DATA SECTION START

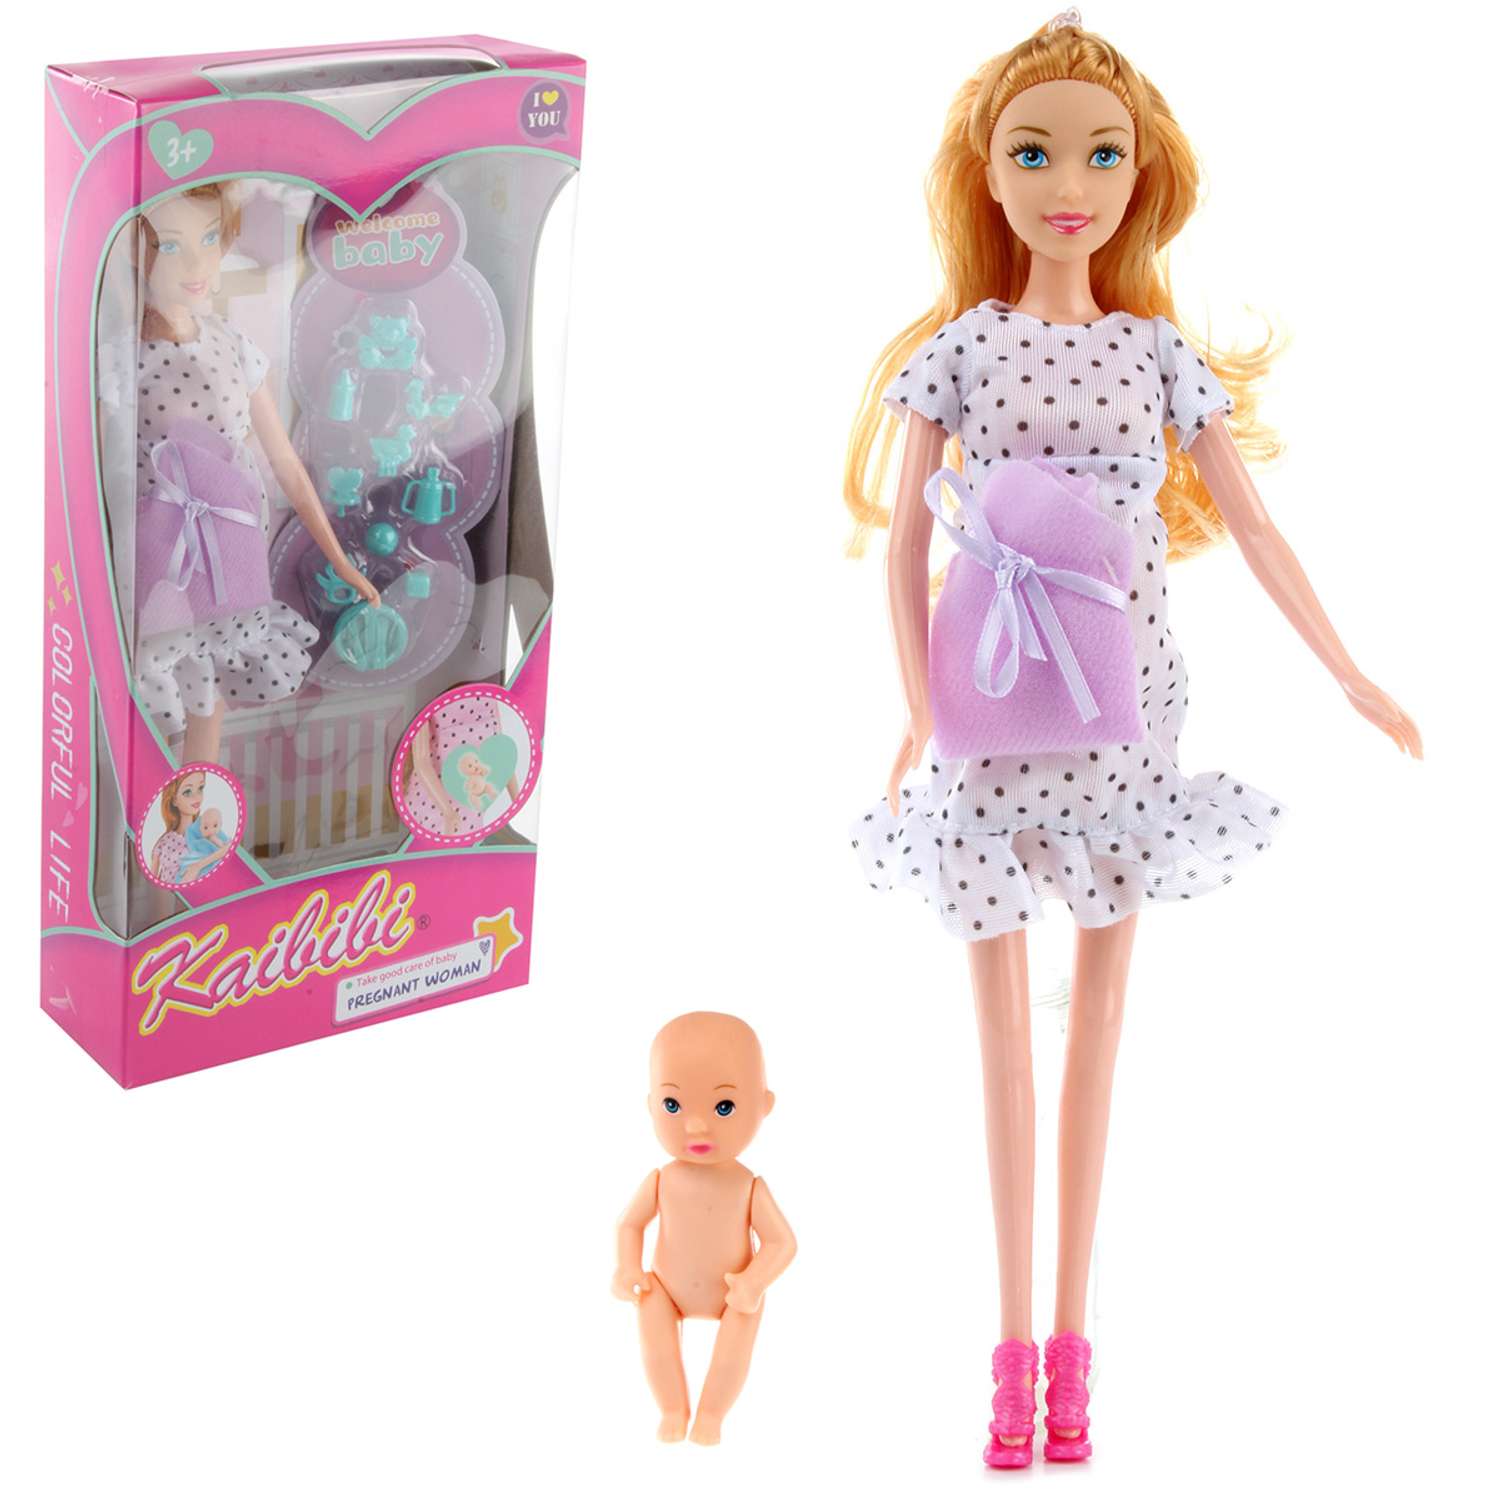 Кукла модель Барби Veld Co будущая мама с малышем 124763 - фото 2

DATA SECTION END
DATA SECTION START

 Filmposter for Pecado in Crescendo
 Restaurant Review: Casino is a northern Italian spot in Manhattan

DATA SECTION END

EXERCISE DIRECTIONS - Write down exactly the span of lines above from the one containing "Filmposter for Pecado in Crescendo" to the one containing "Restaurant Review: Casino", both ends included.

EXERCISE OUTPUT -
 Filmposter for Pecado in Crescendo
 Restaurant Review: Casino is a northern Italian spot in Manhattan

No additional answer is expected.